Before SHEPHERD, LAGOA and EMAS, JJ.
EMAS, J.
In these consolidated appeals, Carlos Sanchez appeals his judgment and sentence, following a jury trial, on the charge of attempted second-degree murder. Sanchez raises four issues on appeal, two of which warrant no further discussion. As to Sanchez's claims that the trial court erred in denying Sanchez's pretrial motion to dismiss or exclude evidence based upon the State's alleged destruction of (or failure to produce) a urine toxicology report, we find that the record below supports the trial court's conclusion that no such report ever existed. Further, even if such a report did exist, the trial court properly determined that the report was never in the actual or constructive possession of the State. Given the absence of any evidence that the report in question ever existed or (if it did exist) was ever in the State's possession, or that the State was ever aware of the results of any such test, the trial court properly denied Sanchez's motion to dismiss or to exclude evidence.
In case number 3D13–1453, Sanchez is represented by Criminal Conflict and Civil Regional Counsel and appeals his judgment and sentence. During the pendency of that appeal, Sanchez filed a motion to correct sentence pursuant to Florida Rule of Criminal Procedure 3.800(b)(2). That motion was denied by the trial court, and a notice of appeal was filed (case no. 3D15–20). Regional Counsel was appointed to represent Sanchez on that appeal as well, but filed a brief pursuant to Anders v. California, 386 U.S. 738, 87 S.Ct. 1396, 18 L.Ed.2d 493 (1967) and sought to withdraw. We find no merit in the issues raised in case number 3D15–20 and affirm without further discussion.
The victim was transported to the hospital after the incident in question. The physician who treated the victim at the hospital ordered several tests, including both a blood test and a urine screen.

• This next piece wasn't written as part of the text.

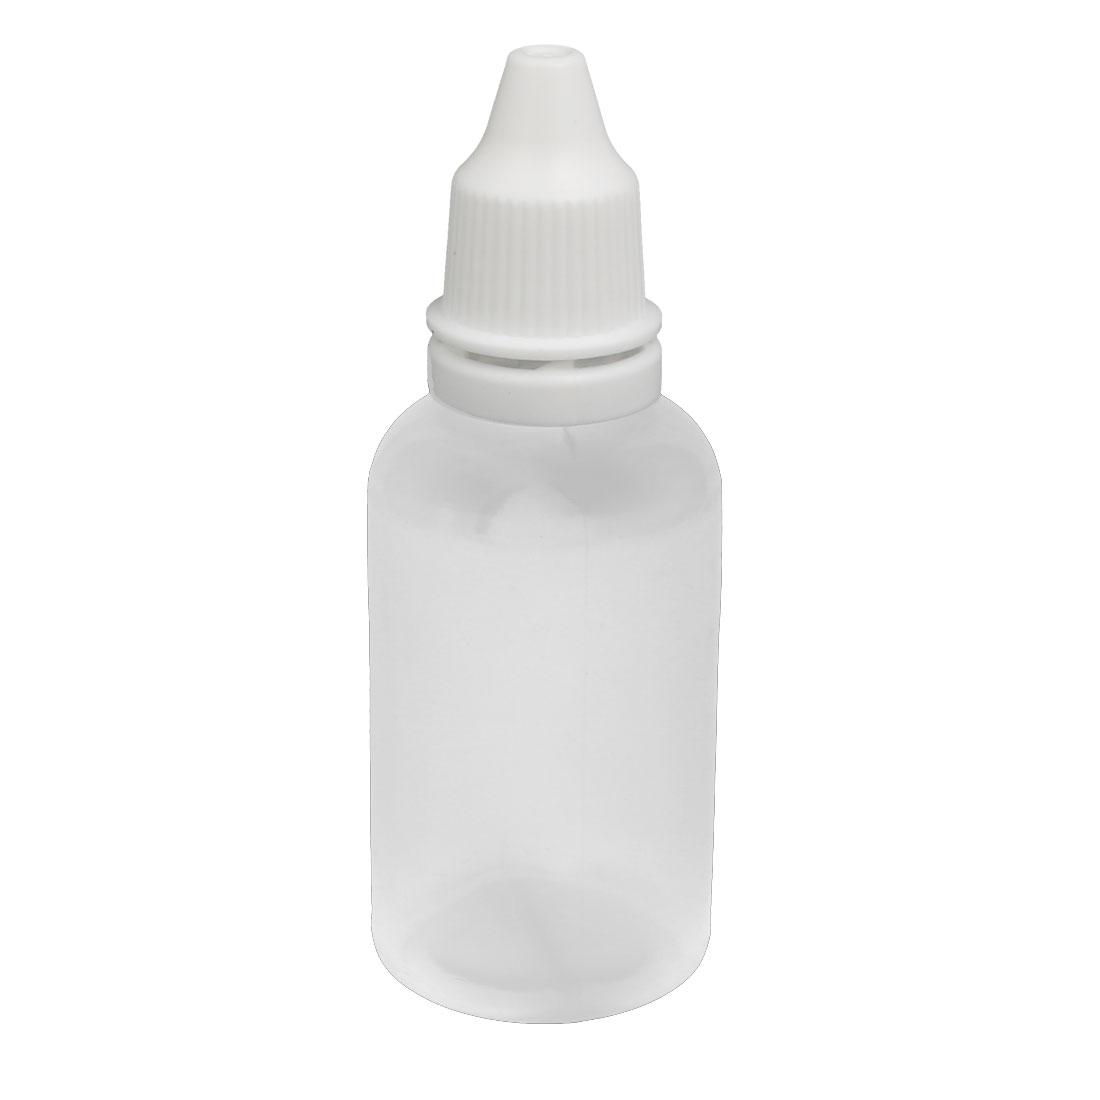 30ml PE Plastic Squeezable Dropper Dropping Bottle White Cap
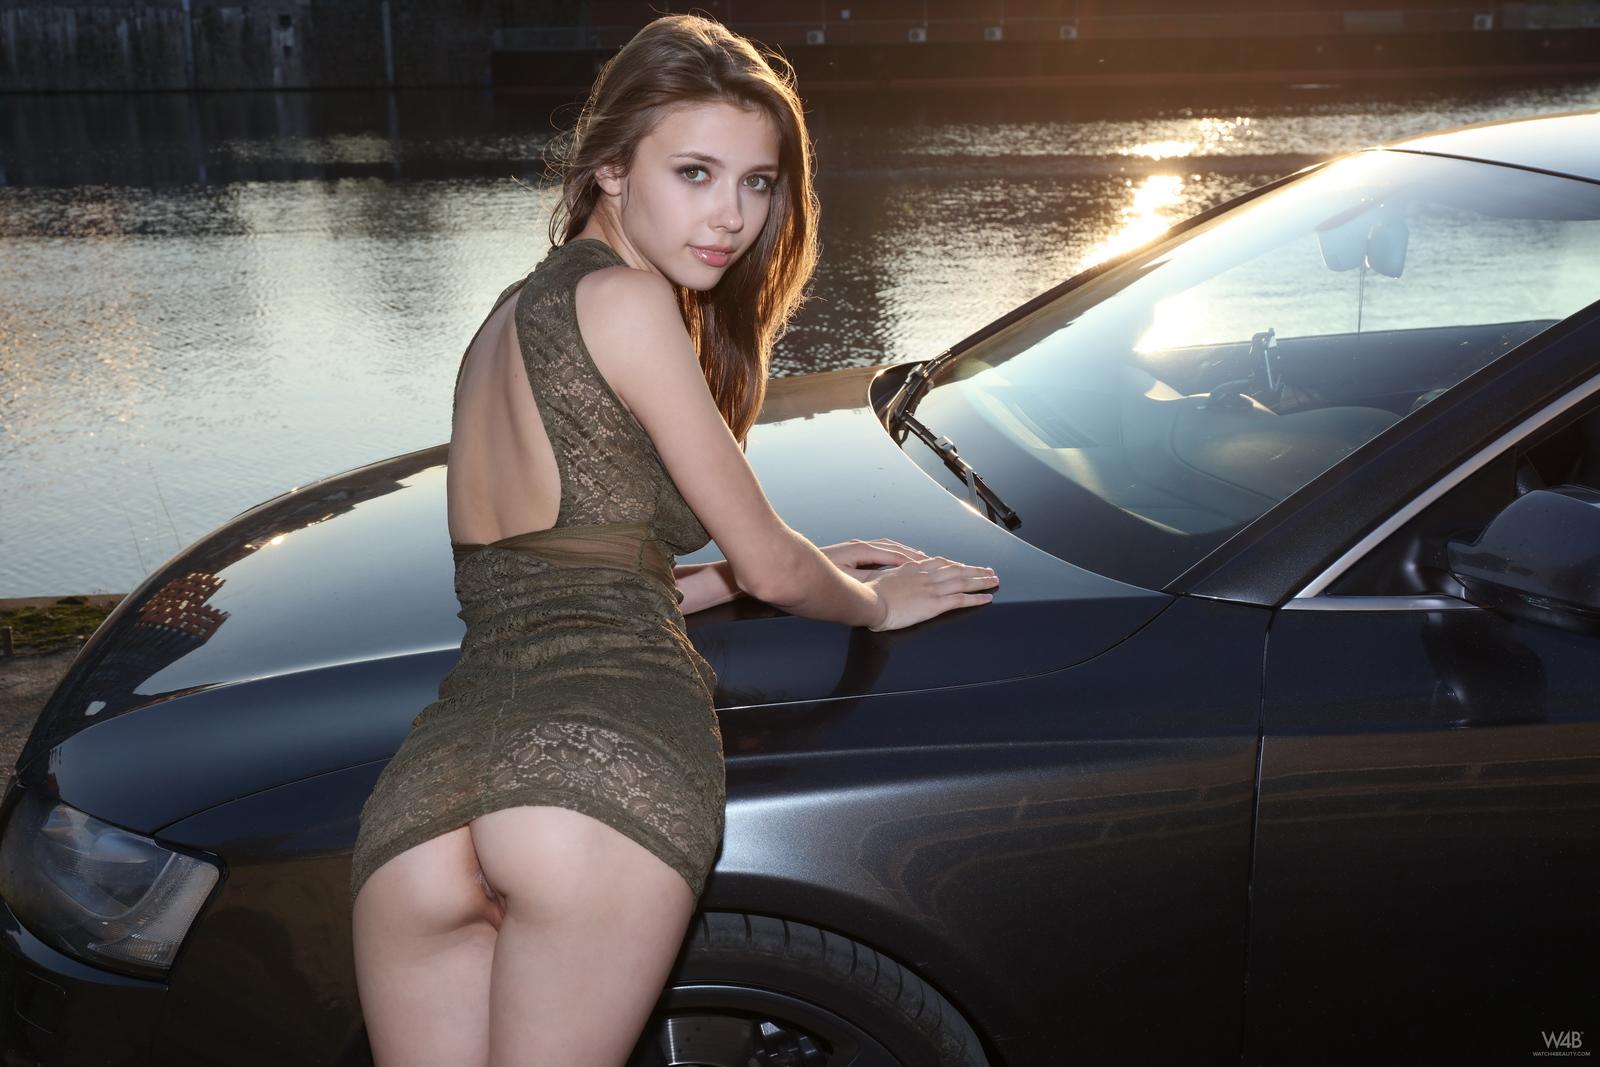 https://redbust.com/stuff/mila-azul-audi-rs5/milla-nude-audi-rs5-cars-pussy-watch4beauty-11.jpg

A blood test was performed, a report was prepared, and that report was provided to the defense. However, there is nothing in the record to indicate that the urine screen was actually performed or that, if performed, a report was ever prepared or provided to the State. Further, a hospital records custodian later certified that no such urine screen report exists.
We reject the contention that, because the hospital in question received funding from Miami–Dade County, possession by the hospital should be imputed to the State. Compare Gorham v. State, 597 So.2d 782 (Fla.1992) (holding that the state attorney is charged with constructive knowledge and possession of evidence withheld by other state agents such as law enforcement officers); Antone v. State, 355 So.2d 777 (Fla.1978) (holding that evidence in the possession of the FDLE, a law enforcement agency that participated directly in the investigation and prosecution, was imputed to the state attorney).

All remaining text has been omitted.